Choosing the “right” values¶
On this wiki page, I’ve discussed the meanings and effects of the various parameters, but I have not provided a recipe or proscription for processing your data. In practice, that is not really possible. There are good practices that work much of the time, but data is often fussy and requires that you fuss with it. At the end of the day, the most important thing is to remember what your goal is. Your goal is eventually to analyze your EXAFS data.
That is, you will eventually export data from an Athena project into an Artemis project. You will then do some kind of data analysis and say something about the configuration of your local coordination environment. Your goal is to say something defensible about how many atoms surround the absorber, how far away they are, and how disordered they are. The point of dtaa processing, therefore, is to prepare for data analysis and to do so in a way that does not make your analysis less defensible.
To say that another way:
Your data analysis should not be strongly correlated to your data processing.

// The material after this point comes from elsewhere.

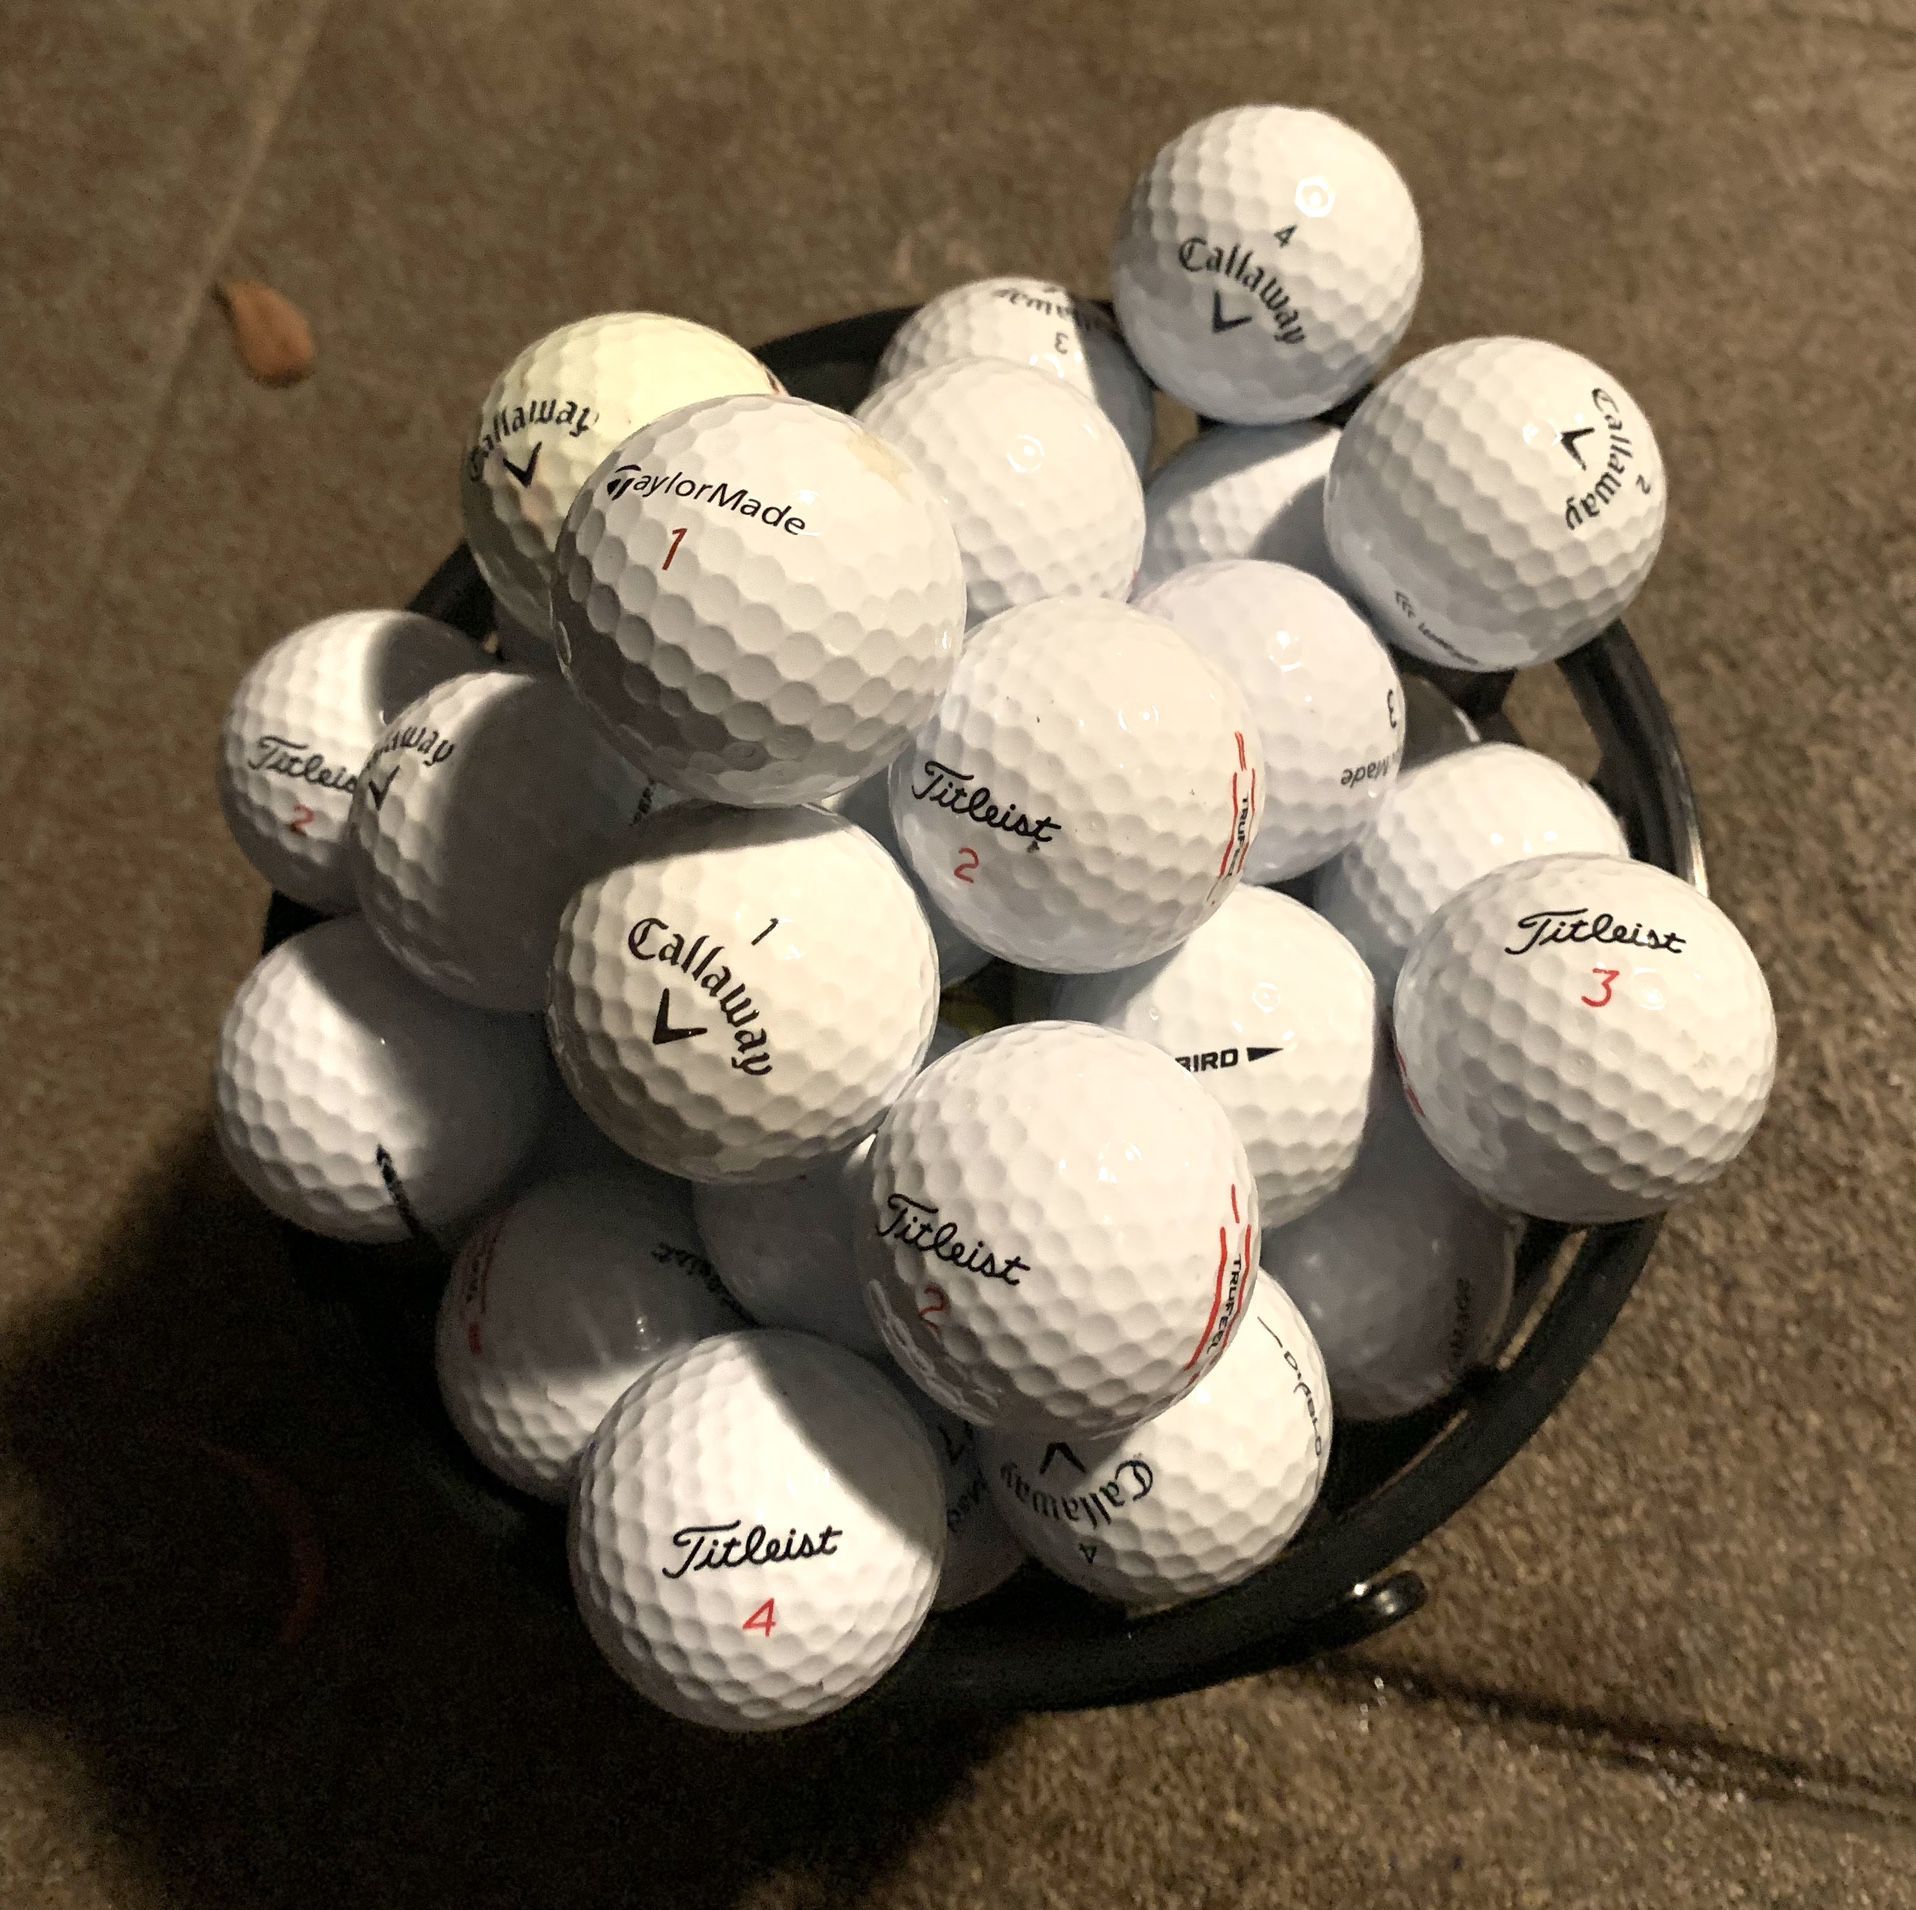 60 Top Brand Golf Balls
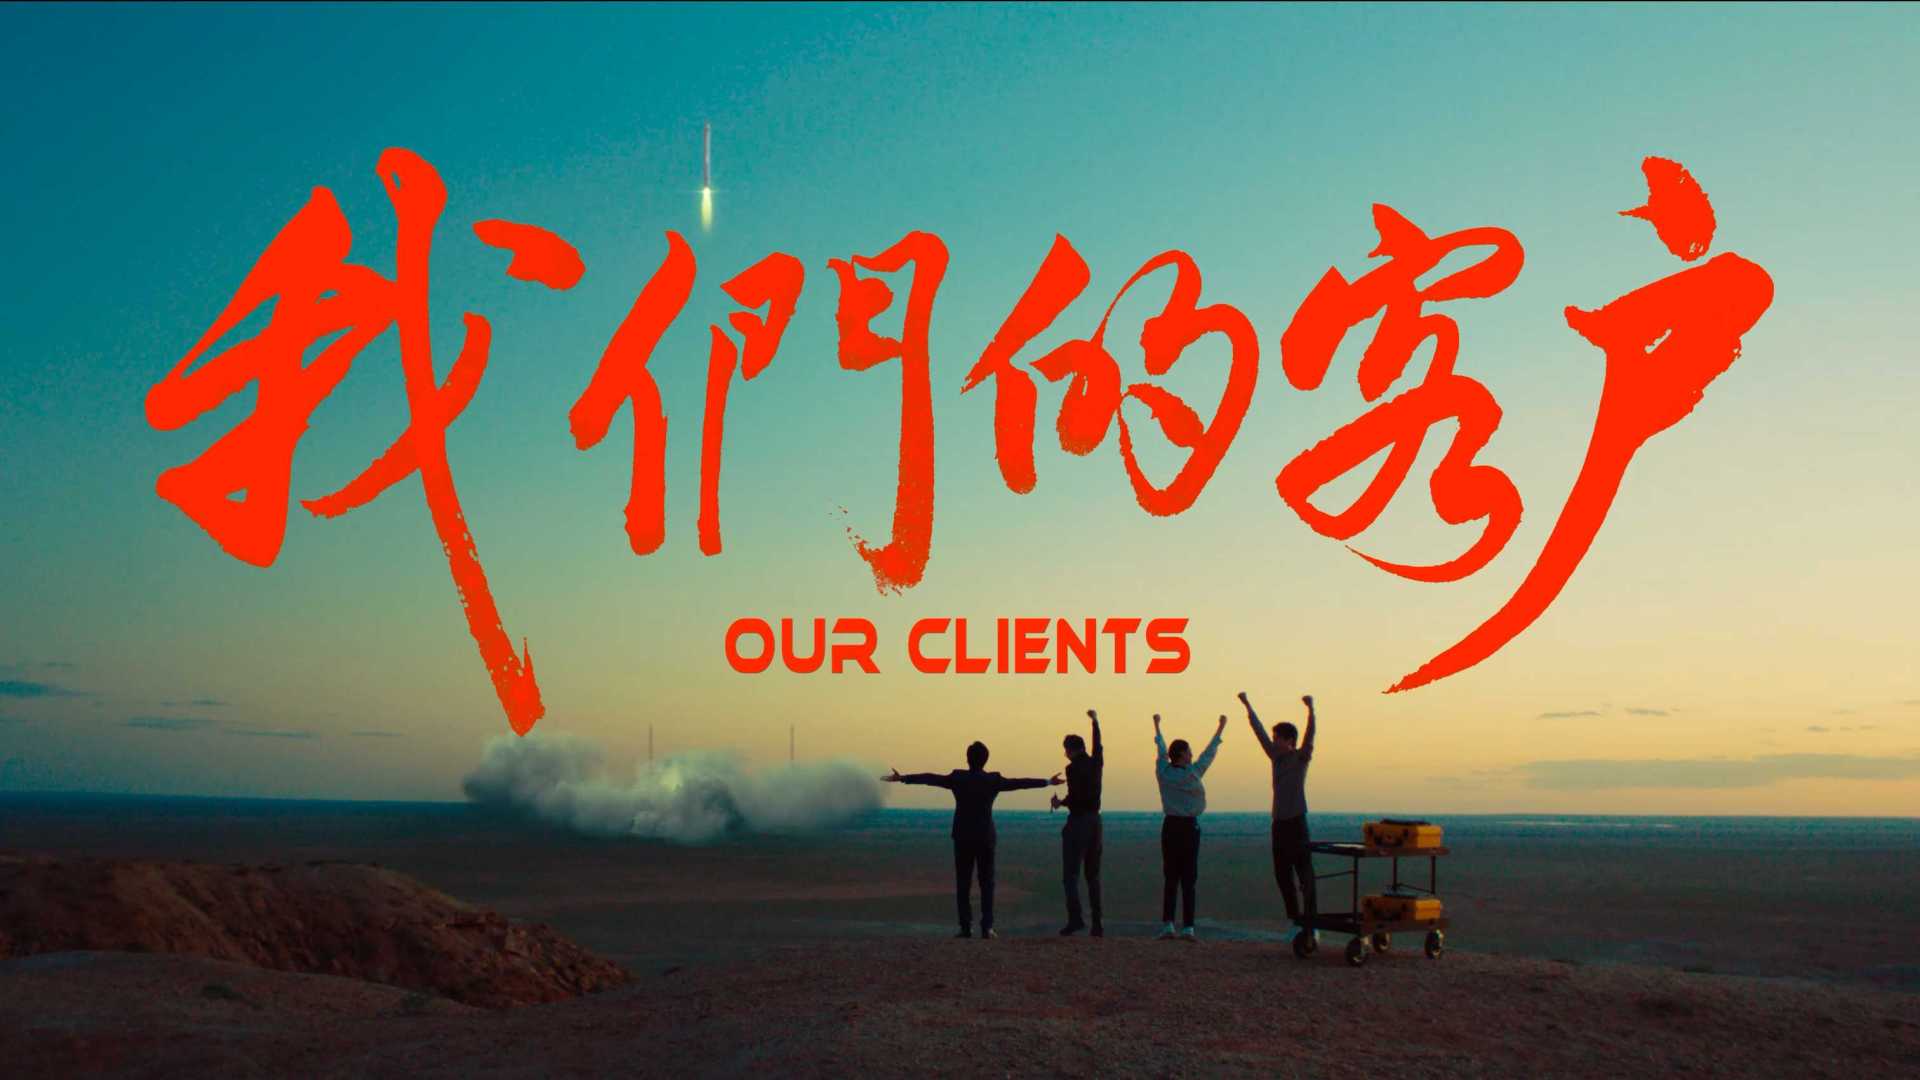 中国平安| 《“我们的客户”》 DIR VERSION

At the level of using Athena, you actually have no way, whatsoever of knowing what the “right” values of the background removal parameters actually are. The only thing you can do is process your data in a way that seems reasonable. Once you begin doing data analysis, then you are able to evaluate the quality of your data processing.
Here’s how: import your processed data into Artemis. Work on a fitting model until you think you have a decent understanding of the structure. Then, back in Athena, change the data processing parameters, reimport the newly processed data and redo the analysis. Did the values change outside of their error bars? If so, then the answers you are looking for are highly correlated with your data processing parameters. If not, then the answers you seek are mostly independent of the data processing. (Scott Calvin often refers to this as the stability of the fitting model.)
That, then, is the answer. Do your data processing in a reasonable way – remove the low R peaks as best as you can while not obviously damaging the part of the data you intend to analyze. If you can do so in a way that the results of your fitting model do not correlate strongly with the details of your data processing, then you may have found a defensible result.